Сначала в дверь толкнуло мягко, будто кто к ней прислонился. Доска чуть вздрогнула, стол заскрипел и замер. Я поднял мушку туда, где должен быть замок. Тишина распласталась по углам. Второй толчок — жёстче, с подскоком, стол качнулся и встал на место. На косяке, где я вчера резал ножом риску, дерево тонко пискнуло. Я почти услышал, как по нему провели ногтем.
— Не надо, — сказал я, не повышая голоса.
Третий удар пришел без предупреждения — не удар даже, а рывок. Как будто снаружи взяли за край полотна и дернули вниз. Крюк чиркнул по петле, слетел. Стол поехал, ножки заскребли, одна подпрыгнула, зацепилась и сломалась. Дверь распахнулась наружу, ледяной воздух хлынул в грудь. Я не успел подумать — палец дожал, и двустволка отдала в плечо раз и тут же второй. В ушах хлестнула пустота после грома. Запах пороха, тряска в руках. В проеме, в темноте, кто-то хрипло выкрикнул — коротко, как будто из него выбили воздух, — и вывалился назад.
— Стоять, — сказал я сам себе. — Перезаряжай.
Стволы вниз — переломил, гильзы сами выскочили горячие, звякнули об порог. Две новые — в казну. Замкнул. Курки назад. Сердце ровней. Запах в нос ударил тянет железом и мясом.
Снаружи было тихо. Ни шороха кромки, ни бегства. Тропа к оврагу лежала гладкой лентой листвы, луна на ней — как разлитая жесть. Я сделал шаг, второй, держал ружьё в руках. В десяти шагах, на границе лунного света и тени, лежала девушка.

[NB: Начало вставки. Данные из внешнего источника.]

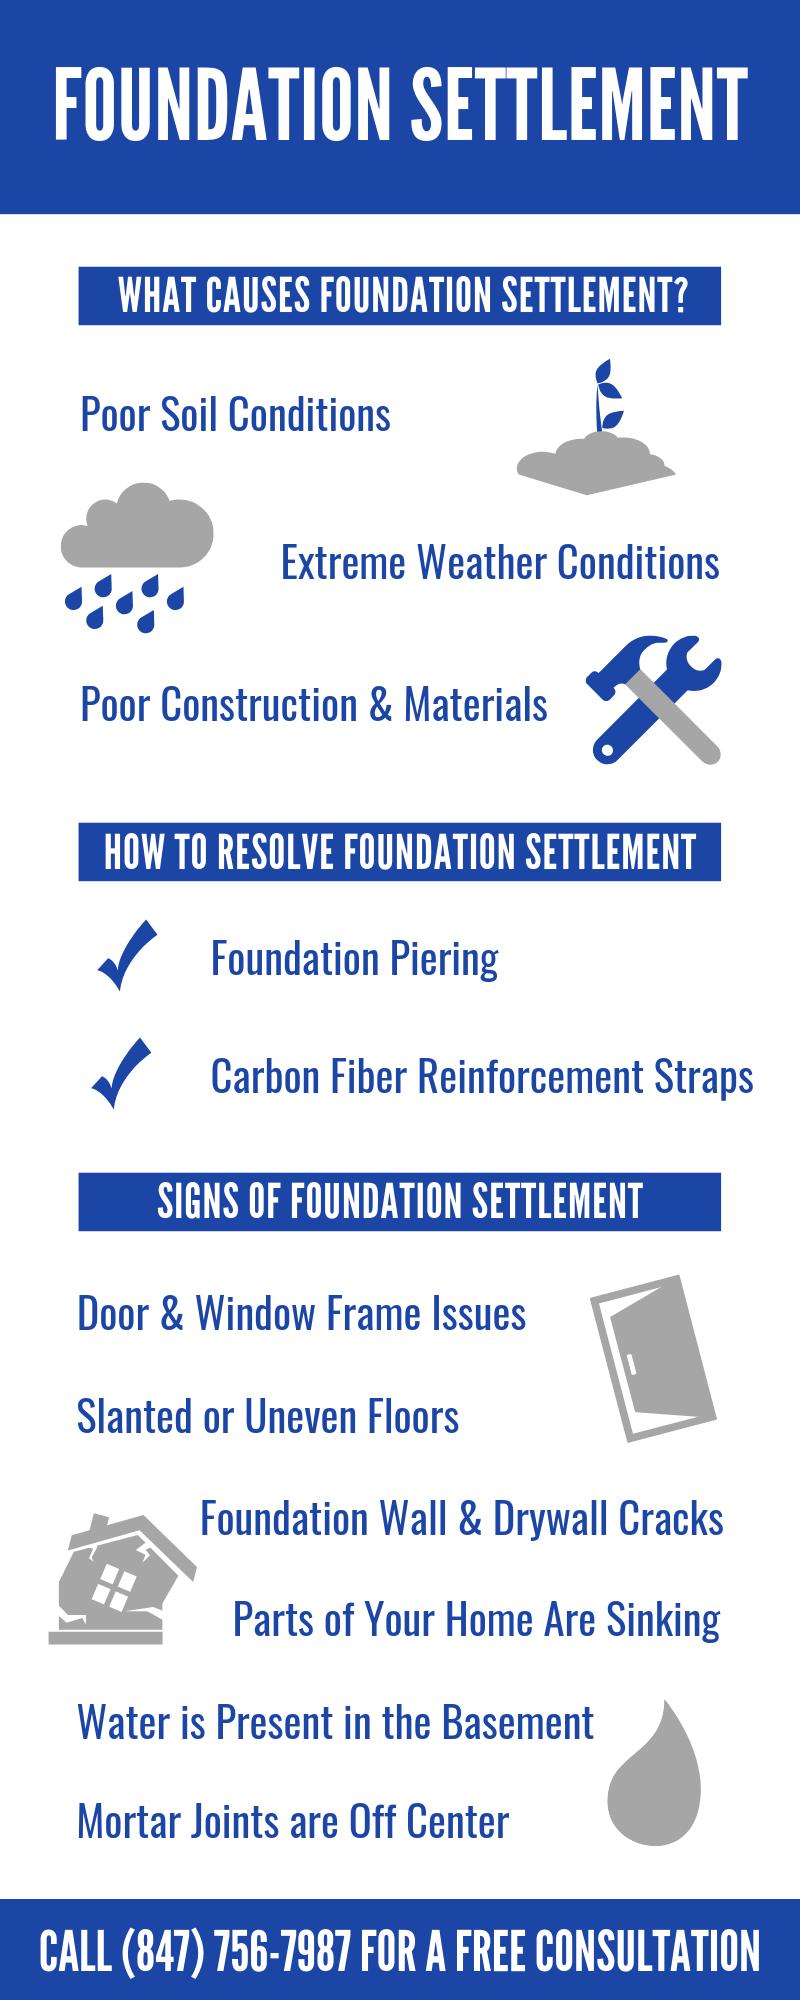 Foundation Settlement - Chicago Foundation Settling Repairs

Не лесная тень, не зверь. Девушка. Бледная кожа, темные волосы липкой прядью на щеке. Куртка распахнута, грудь рваная от дроби — разорвало ближним боем, не оставило шанса. На шее тонкая цепочка, вцепившаяся в кожу. Руки вытянуты к двери, пальцы грязные, под ногтями сор. Глаза открыты, зрачки без фокуса. Изо рта идет пар — прерывистый, редкий.
— Дышит, — сказал я. — Дышит.
Я опустил ружьё, сел на колено. Тепло ещё держится. Одышка с пузырями — кровь в лёгких. Пульс на шее ловится тенью: то есть, то уходит то снова бьется. Я прижал ладонь к ране, толку мало — дробь рвет всё, что под ней. Надо закрыть, зажать, стянуть.
— Потерпи, — сказал я ей.
Она повела глазами — медленно, через боль. Попыталась сказать, вместо слов — влажный свист. Я отодвинул куртку, подложил под спину свою. В голове щёлкнуло: бинт, йод, аптечка. Я рванул в дом, на ходу откинул ружьё в угол, с полки схватил бинт, ножницы, йод на всякий случай — сам понимал, что йод здесь ни к чему, но рука взяла. Вернулся той же дорожкой, чувствуя, как овраг смотрит.
— Держись, — сказал я, присев рядом.
Рану закрывал как умел. Тряпка — под бинт, руки скользят в крови, бинт заканчивается быстро. Наложил крест-накрест, утянул как мог. Кровь всё равно просачивается, теплая, липкая. Я отжал ладонью сверху, и она перестала хрипеть на секунду. Глаза её дрогнули, смотрят не на меня, поверх плеча, туда, где дом. На мгновение мне показалось, что она улыбается.
— Кто ты? — спросил я. — Откуда?
Губы шевельнулись. Я наклонился ближе. Слова были как мокрый шепот, их надо было ловить ухом.
— Не… туда… — сказала она и глазами обозначила: «овраг». — Не… ходи…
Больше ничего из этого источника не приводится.